Output each line of the listing exactly, though pictures are not to appear.
=== INFORMATION SHOWN ===
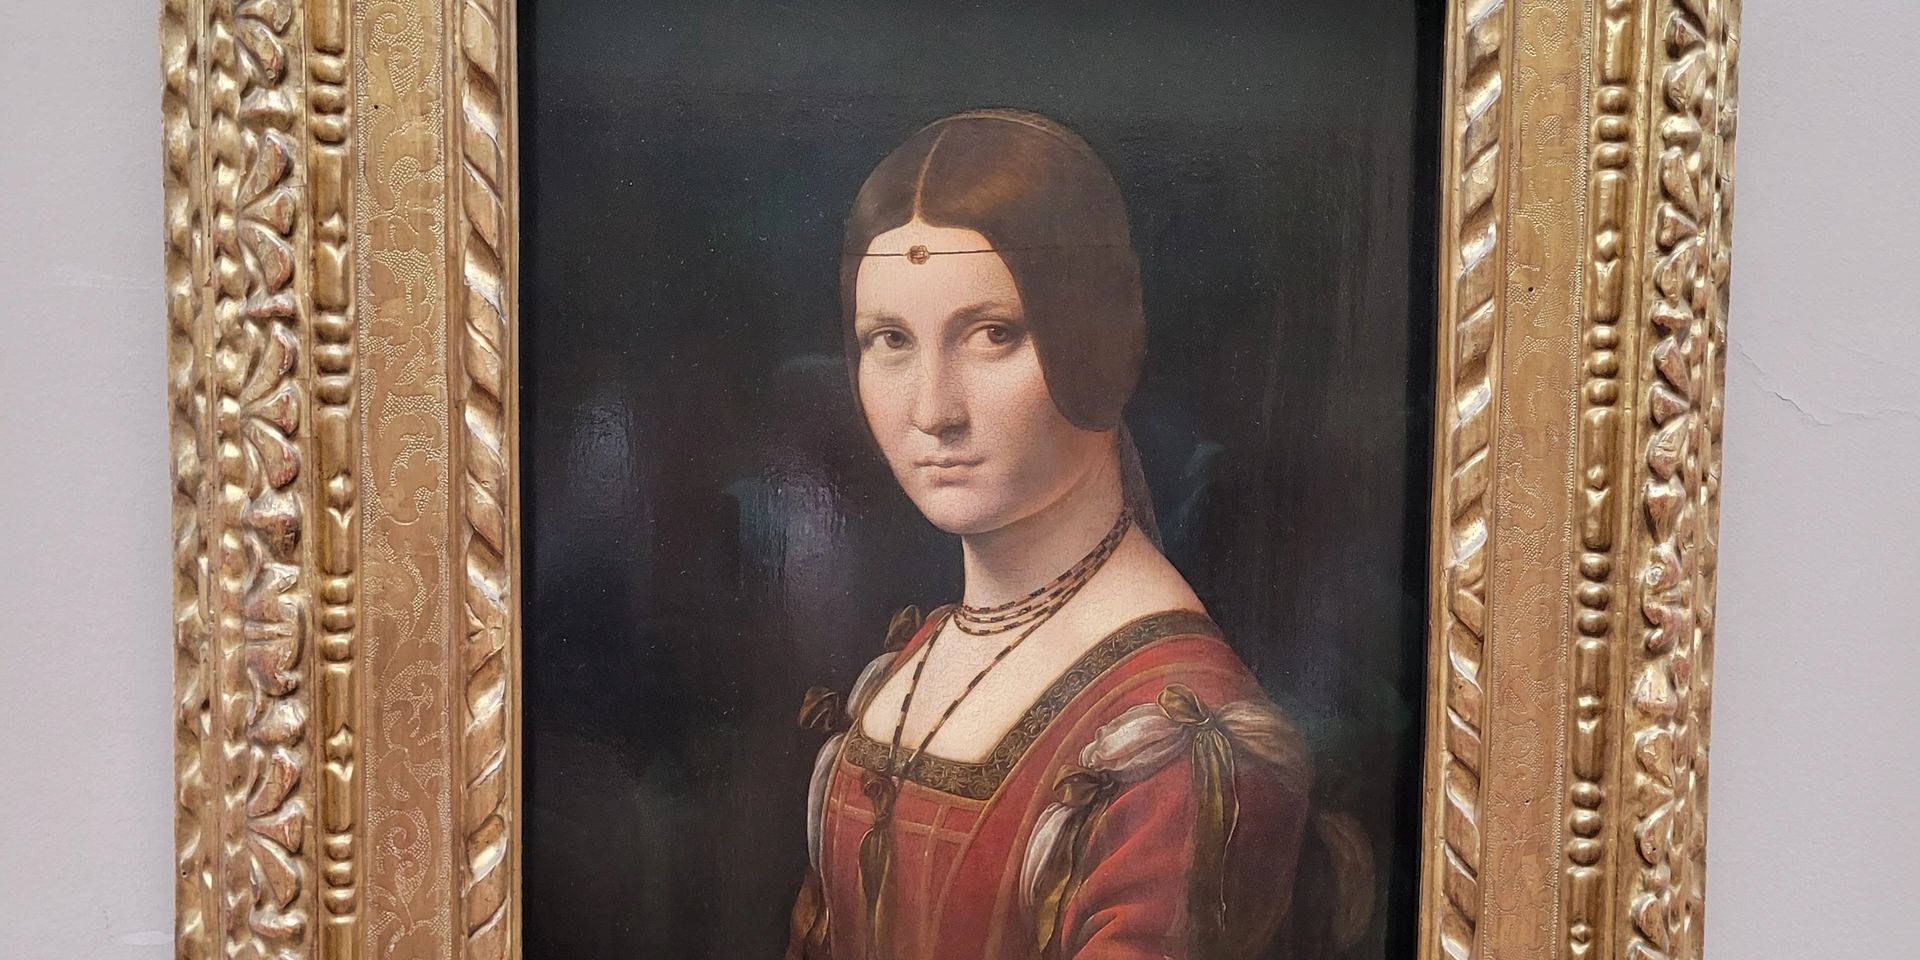 Famous Woman portrait of la belle ferronière by Da Vinci in the Louvre
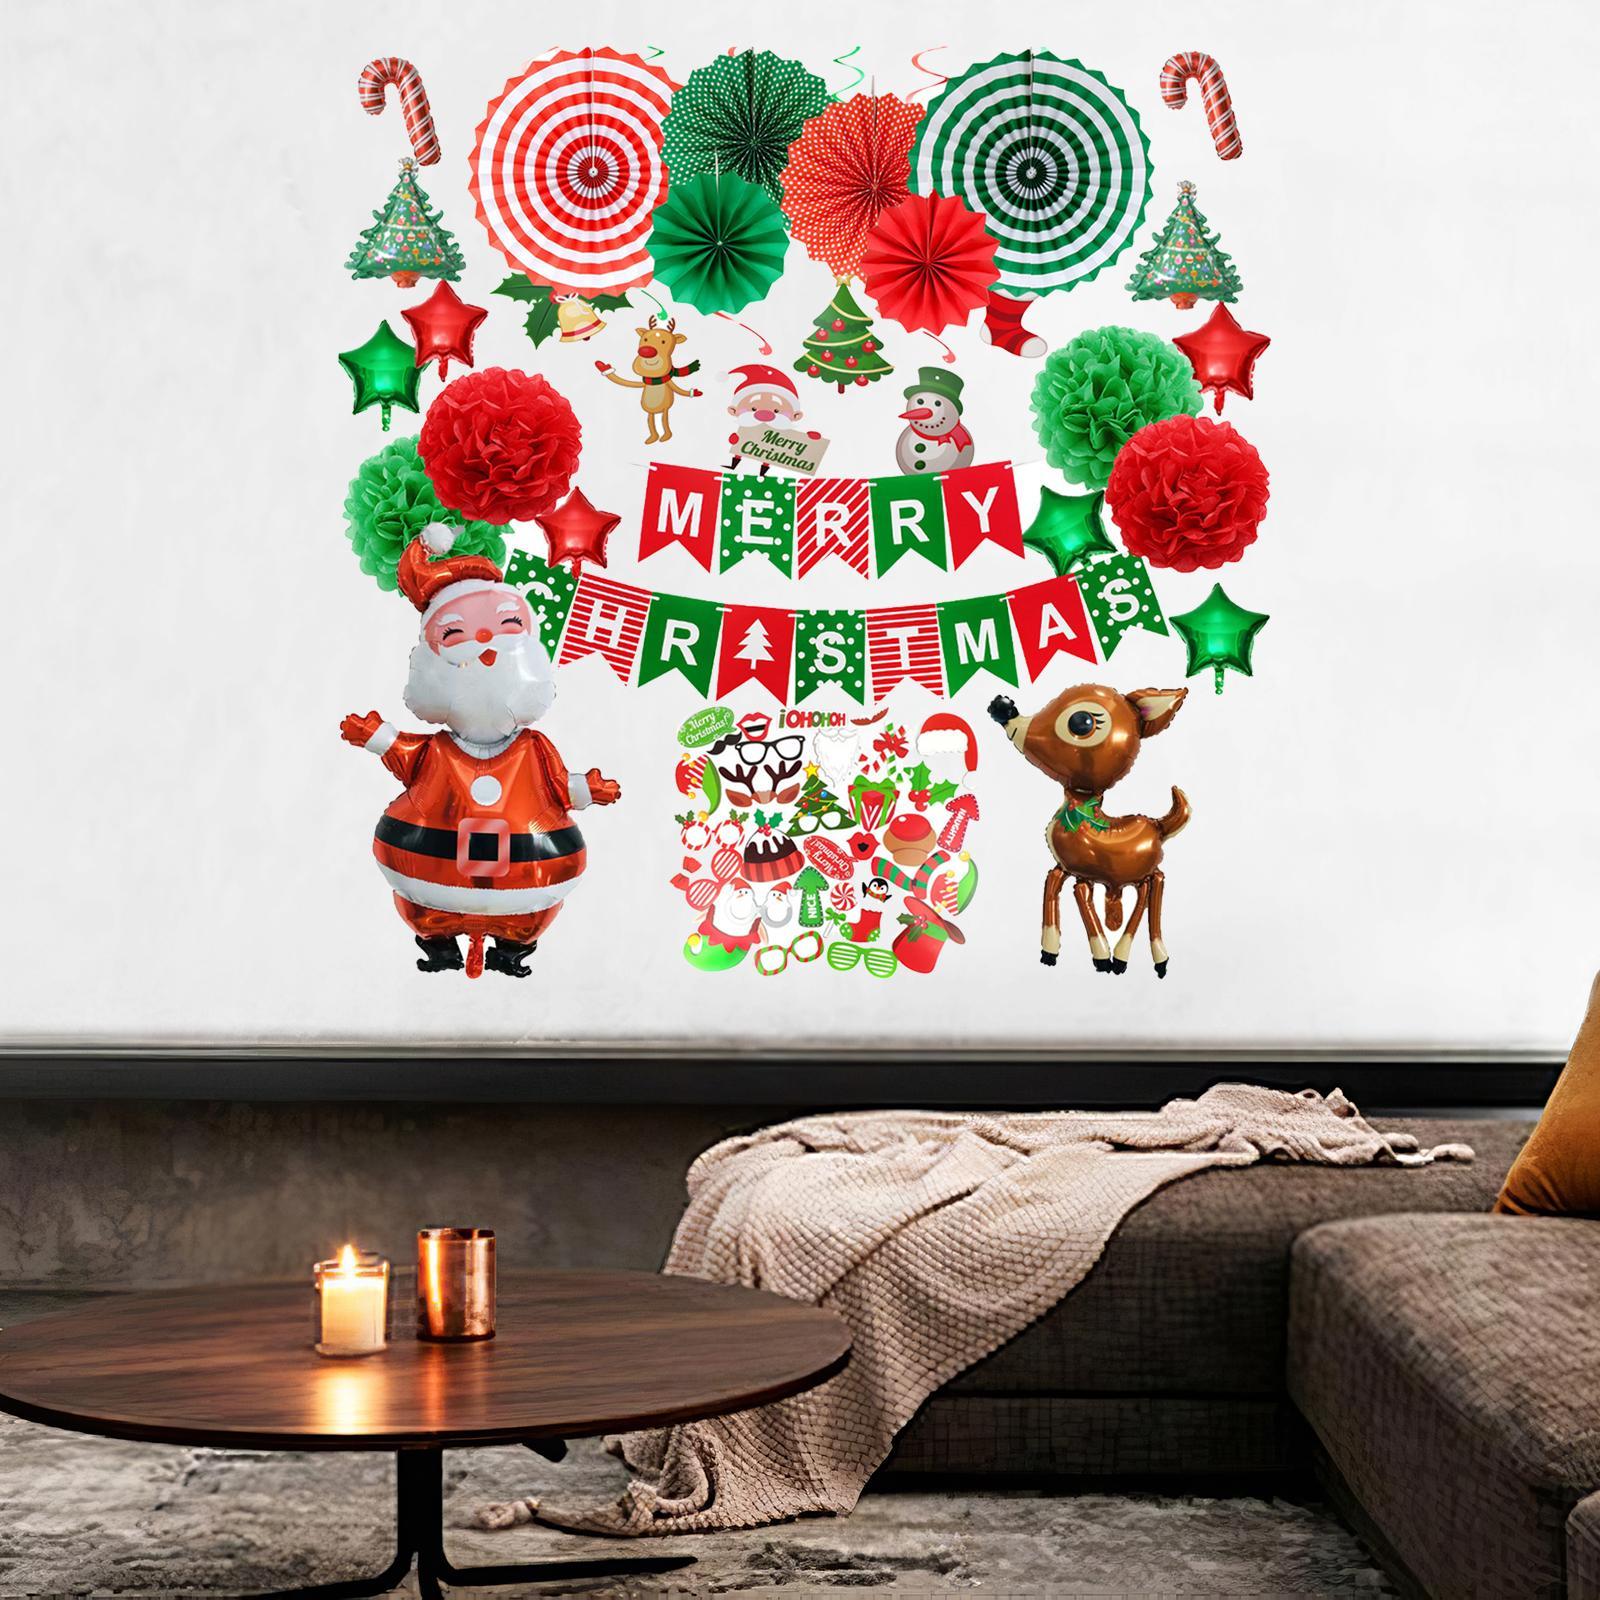 Christmas Colorful Paper Fans  Decorations Hanging Decor Set 1
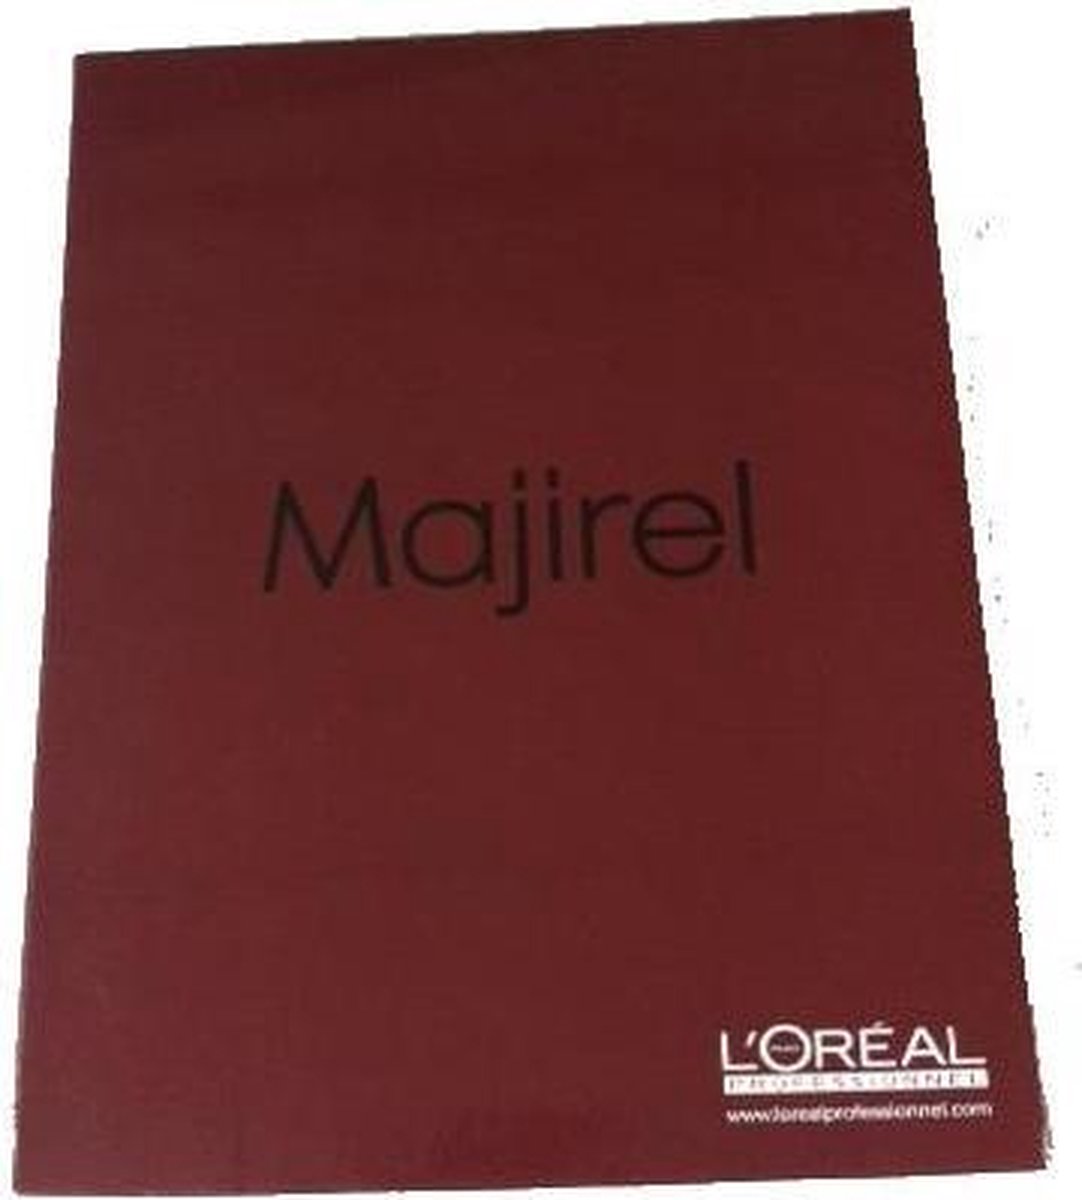 L'Oreal Kleurenboek Majirel | bol.com
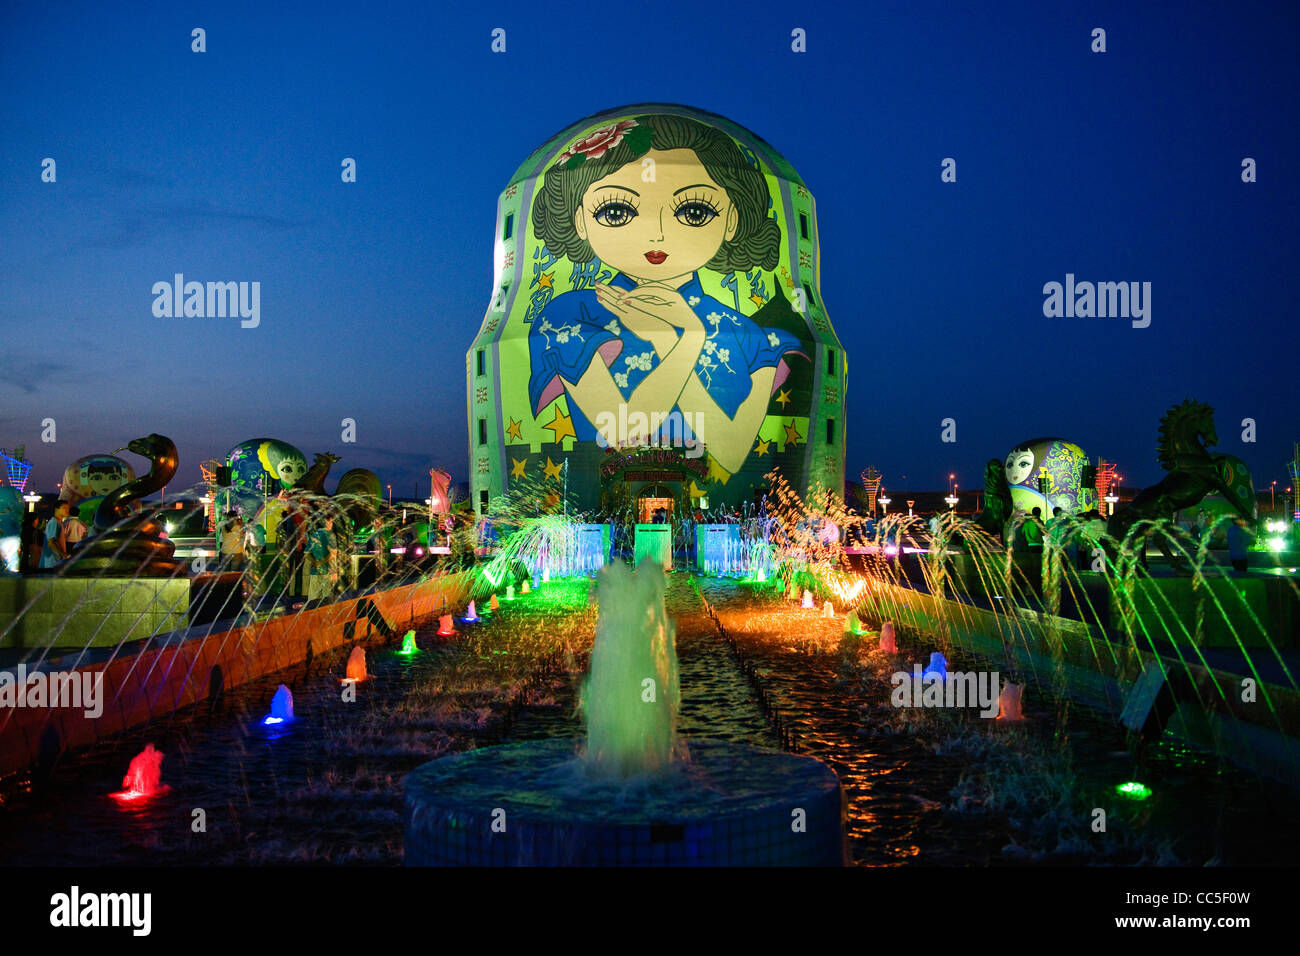 Nesting Dolls Square, Hulunbuir, Inner Mongolia, China Stock Photo
===
**TASK RESULT:**
 Famous Woman portrait of la belle ferronière by Da Vinci in the Louvre
 Christmas Colorful Paper Fans  Decorations Hanging Decor Set 1
 L'Oreal Kleurenboek Majirel | bol.com
 Nesting Dolls Square, Hulunbuir, Inner Mongolia, China Stock Photo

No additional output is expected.